American poet and performance artist (1936–2019)

John Giorno (December 4, 1936 – October 11, 2019) was an American poet, performance artist, multimedia artist, and activist. A leading figure in the New York avant-garde, he was known for expanding the possibilities of poetry through sound, performance, recordings, telecommunications, and visual art. In 1965, he founded Giorno Poetry Systems, a nonprofit organization dedicated to promoting poetry through innovative media, and in 1969 launched Dial-A-Poem, a telephone-based poetry project that brought contemporary poetry to a mass audience.

Giorno was associated with artists and writers including Andy Warhol, Robert Rauschenberg, Jasper Johns, William S. Burroughs, Allen Ginsberg, and Brion Gysin. He was Warhol's lover and appeared in the artist's early experimental films, including Sleep (1964). His own work evolved from found-text poetry influenced by Pop art and cut-up techniques into a distinctive style characterized by repetition and spoken-word performance.

A practicing Tibetan Buddhist for nearly five decades, Giorno integrated Buddhist philosophy into his poetry and artistic practice. In 1984, he founded the AIDS Treatment Project through Giorno Poetry Systems to provide direct financial assistance to people living with AIDS. His work has been exhibited internationally and is regarded as influential in the development of performance poetry and multimedia art.

==Early life and education==
John Giorno was born on December 4, 1936, in New York City, the only child of Amadeo and Nancy (Garbarino) Giorno. He was raised in Brooklyn and Roslyn Heights, Long Island. His father owned a clothing manufacturing company, while his mother was a fashion designer.

Giorno attended James Madison High School in Brooklyn, where he developed an interest in literature through his English teachers. He later studied at Columbia University and graduated in 1958. At Columbia, he was a resident of Livingston Hall and classmates with physicist Hans Christian von Baeyer. After college he briefly worked as a stockbroker before becoming involved with New York's emerging artistic and literary communities.

==Career==

=== Early artistic career and affairs ===
During the early 1960s, Giorno became acquainted with artists and writers including Ted Berrigan, Jonas Mekas, Robert Rauschenberg, Jasper Johns, and Andy Warhol. In October 1962, Giorno met Warhol during the artist's New York solo exhibition at the Stable Gallery. Warhol featured Giorno in his experimental films John Washing (1963), a 4½-minute short, and the Sleep (1964), which depicts Giorno sleeping for more than five hours. Inspired by Warhol, Rauschenberg, and Johns, Giorno began incorporating techniques of appropriation and found text into his poetry. This culminated in The American Book of the Dead (1964), portions of which were later published in his first poetry collection, Poems (1967), which featured cover art by Rauschenberg.

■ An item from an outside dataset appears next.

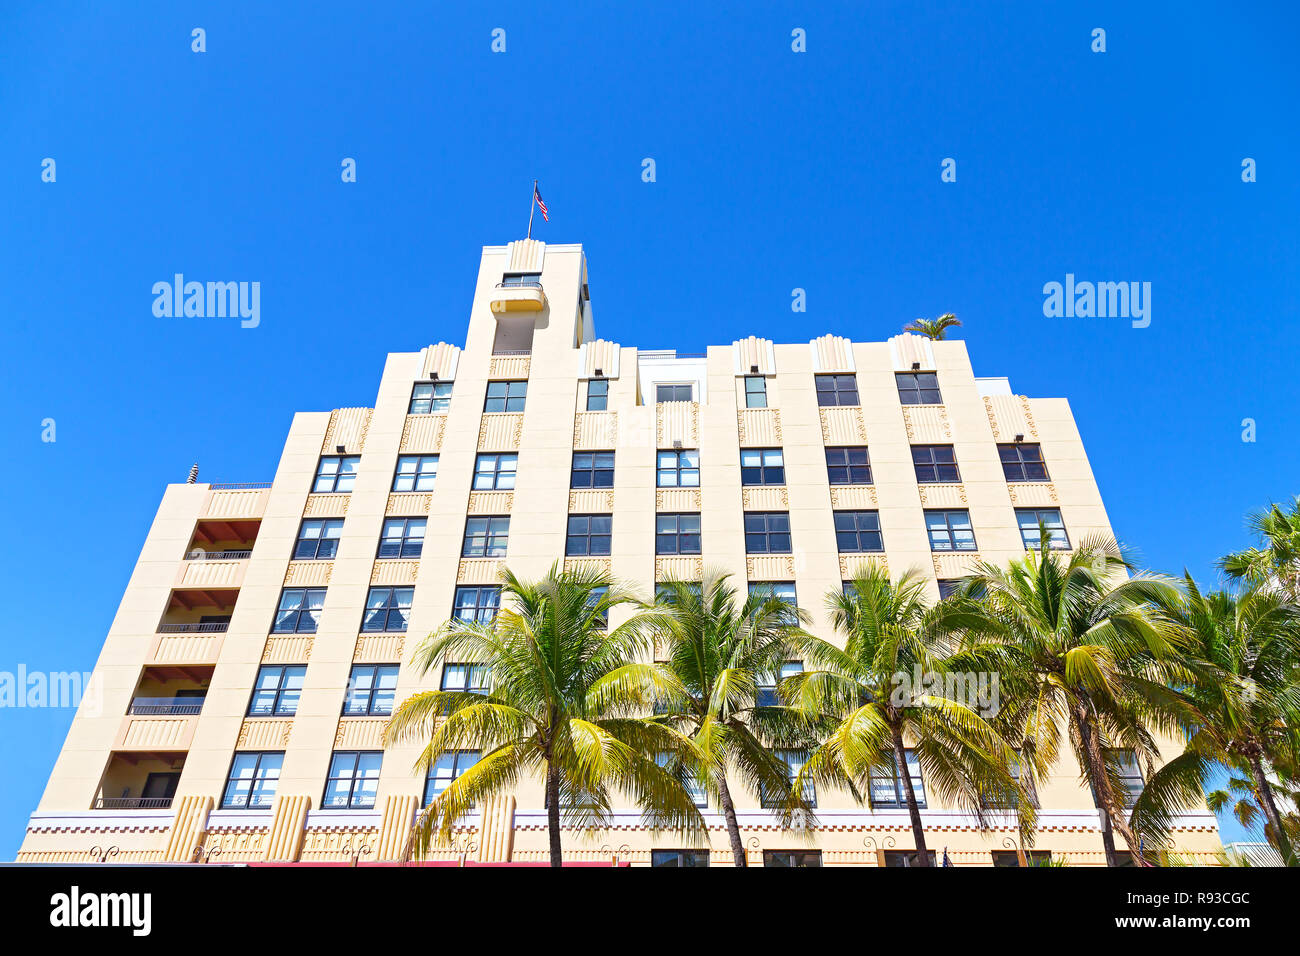 Façade du bâtiment art déco de Miami Beach, en Floride. Palmiers et façade du bâtiment contre un ciel bleu clair. Banque D'Images

In 1965, Giorno also met writer William S. Burroughs and artist Brion Gysin. Their experiments with cut-up and montage techniques profoundly influenced his work, and through Gysin he produced his first audio poems, "Subway Sound," which was presented at the Paris Museum of Modern Art Biennale in 1965. Giorno celebrated queer identity throughout his writing such as "Pornographic Poem" (1965).

=== Giorno Poetry Systems and Electronic Sensory Poetry Environments ===
In 1965, believing that poetry lagged behind developments in visual art, music, and performance, Giorno founded Giorno Poetry Systems (GPS), a nonprofit organization dedicated to presenting poetry to new audiences using innovative technologies. Over the following decades, GPS produced numerous recordings, books, performances, films, and multimedia projects featuring Giorno and a wide range of poets, musicians, and visual artists.

In 1967, through a chance meeting at Rauschenberg's apartment on Lafayette street, Giorno met Bell Laboratories engineer Fred Waldhauer, who was developing an electronic device that converted sound into colored light. The two collaborated throughout the summer, with Waldhauer adapting the "light organ" to visualize Giorno's sound poems by translating pitch into color and volume into brightness. Giorno began incorporating the technology into performances and installations later that year.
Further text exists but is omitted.